Once you know your expected losses, you can spend money and time trying to mitigate them.
DDoS and penetration testing are completely different things. For DDoS protection, the most sensible thing to do is to use a service designed to stop it. Companies like Verisign and Prolexic have services that do nothing for you apart from filter DDoS attacks. Companies like CloudFlare have a service that does caching and CDN distribution which makes your site faster and gives it more capacity, and also happens to include DDoS protection.
There are two things to do to prepare for compromise attempts:
- Secure your site as much as possible.
- Prepare for what should happen if/when you do get compromised.
You absolutely should try to do some simple penetration testing yourself.
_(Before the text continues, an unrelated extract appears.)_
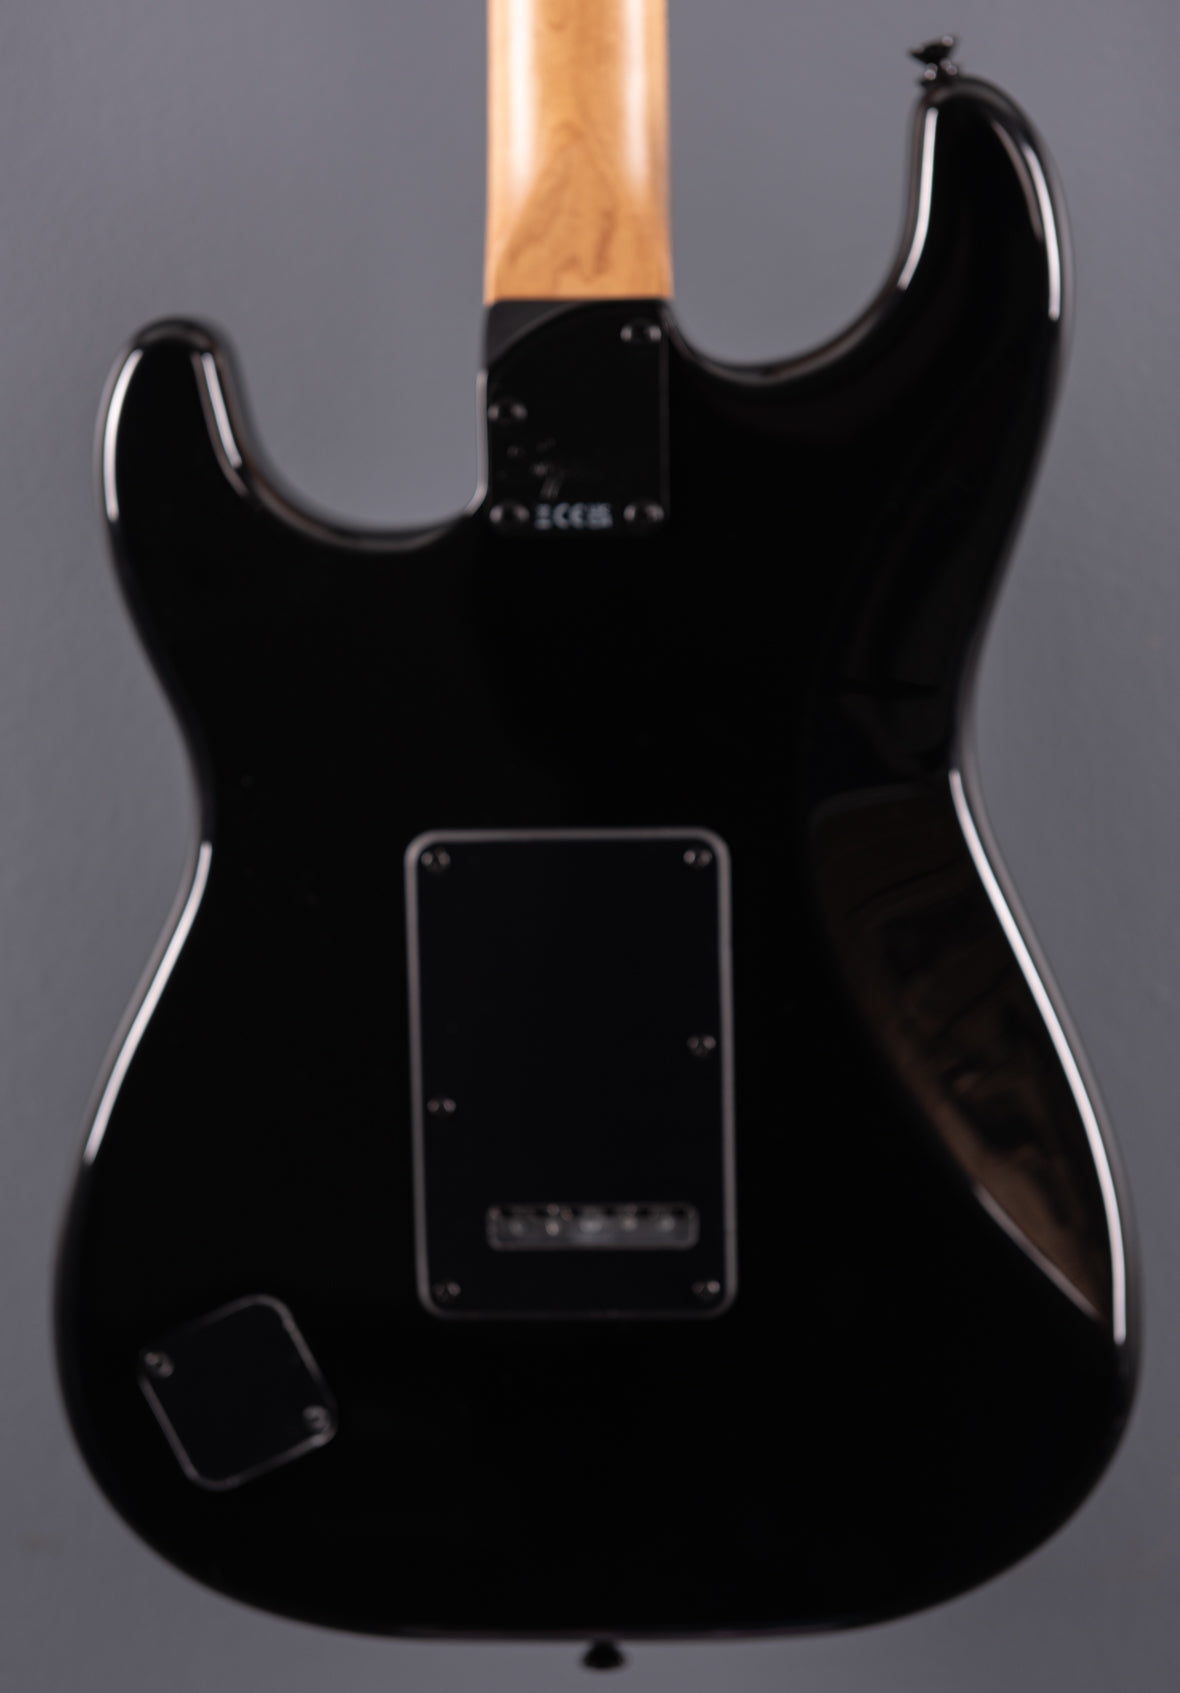 Contemporary Stratocaster Special - Black

Grab one of the free automated web scanners and run it across your site before it goes live. This will find the easy vulnerabilities and allow you to fix them yourself before employing the services of the third-party penetration testers (if you determined they are worth the cost). They should find more than what the automated scanners did.
To preparing for a compromise, you should have:
- Enough monitoring to determine that you have been compromised. AIDE/Tripewire/OSSEC are good tools for this.
- Regular backups and a tested plan for how to re-install from them. It's important to test your backups. I can't tell you how many times I've seen the first test-restore-from-backup attempt fail.
- Enough logging to determine how the intruder got in. You have to know this and fix the vulnerability or he'll just get straight back in.
- Potentially spare machines that can be swapped in when the main one gets compromised. Sometimes you don't want to wipe the compromised machines because they hold the evidence of how you were compromised but you can't leave them online and you must keep the site up. That's what the spare machines are for.